The Cuomo family (/ˈkwoʊmoʊ/ KWOH-moh, /it/) is an American political family. It includes Mario Cuomo and Matilda Cuomo and their five children: Margaret, Andrew, Maria, Madeline, and Christopher. Mario Cuomo and his son Andrew Cuomo both have served as governor of New York.

Mario Cuomo's parents, Andrea and Immacolata Cuomo, immigrated to the United States from Nocera Superiore and Tramonti, both in Campania, Italy; Andrea in 1926 and Immacolata in 1927. Matilda Raffa Cuomo's parents both immigrated to the United States from the area of Messina, in Sicily; Carmelo "Charles" Raffa arrived in New York in 1927, and Mary Raffa (née Gitto) in 1928.
- Mario Cuomo (June 15, 1932 – January 1, 2015), unsuccessful candidate for Lieutenant Governor of New York (1974); appointed New York Secretary of State by Governor Hugh Carey (1975–1978); unsuccessful candidate in 1977 Democratic primary for mayor of New York City (lost to Ed Koch); unsuccessful Liberal Party of New York candidate in general election for mayor of New York City (1977), again losing to Ed Koch; Lieutenant Governor of New York 1979–1982; Governor of New York (1983–1994); keynote speaker at the 1984 Democratic National Convention in San Francisco.

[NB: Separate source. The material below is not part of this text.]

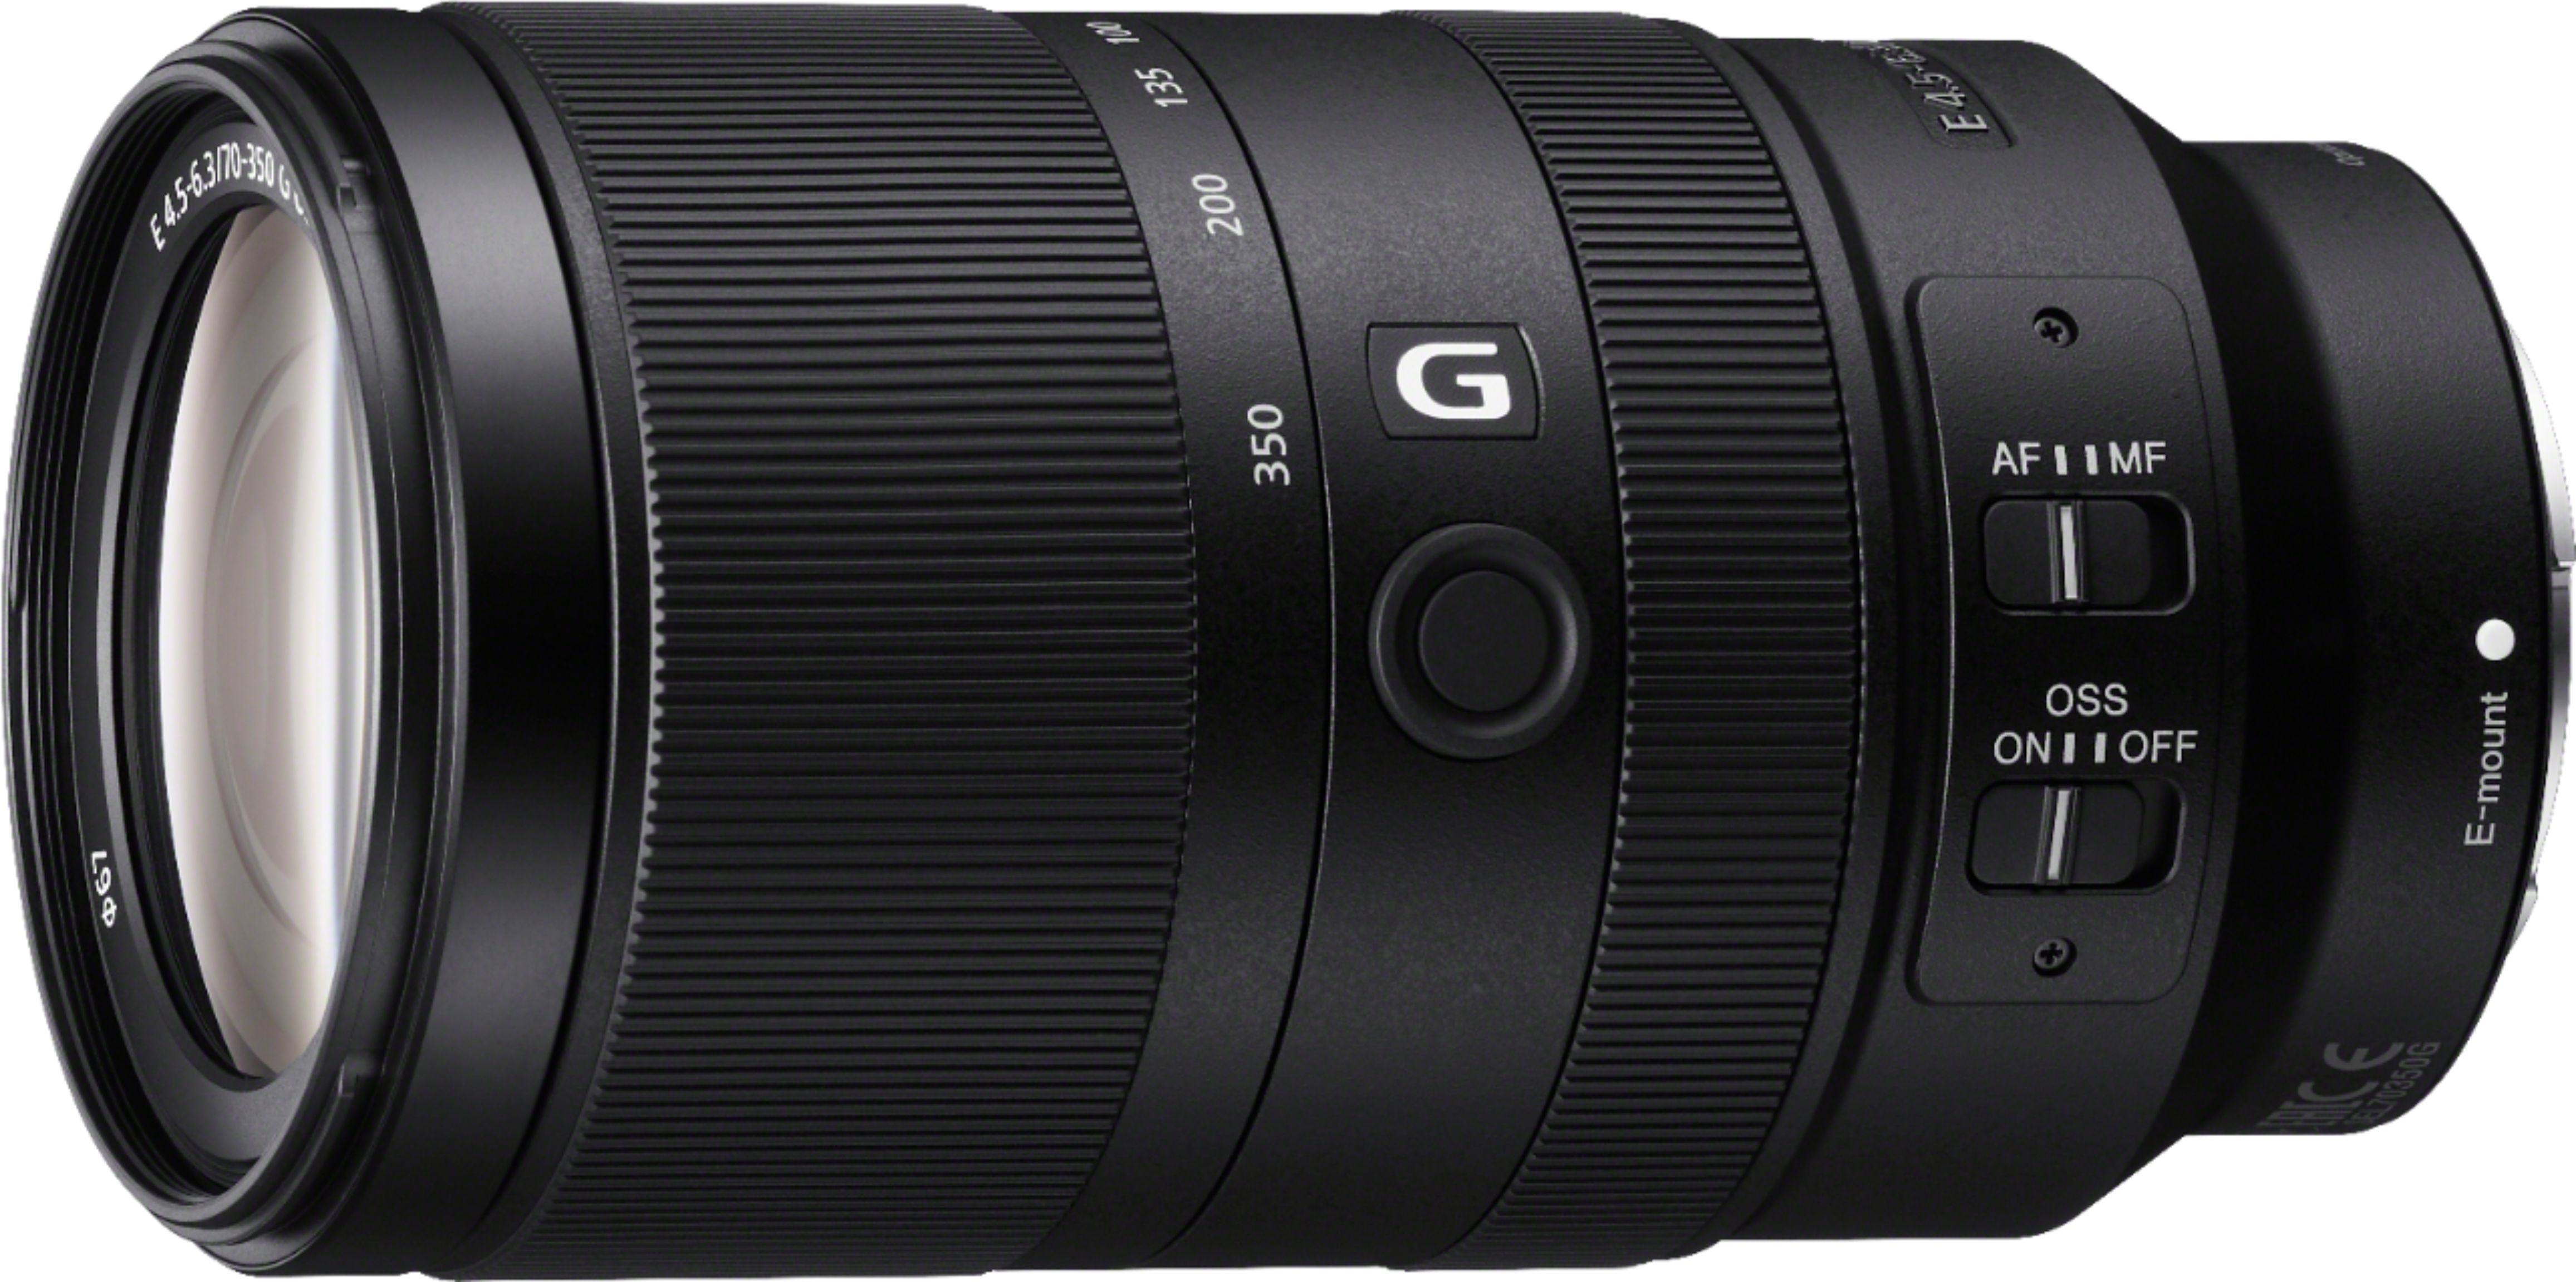 Sony E 70-350mm F4.5-6.3 G OSS Telephoto Zoom Lens for E

- Matilda Cuomo (born September 16, 1931), First Lady of New York (1983–1994); educator, proponent of New York State Mentoring Program, founder of Mentoring USA nonprofit organization, inducted into National Women's Hall of Fame in 2017. Daughter of Charles Raffa.
- Margaret Cuomo (born March 29, 1955) daughter of Matilda and Mario Cuomo, is a physician and radiologist; author and advocate of cancer prevention; co-founder of the Italian Language Foundation.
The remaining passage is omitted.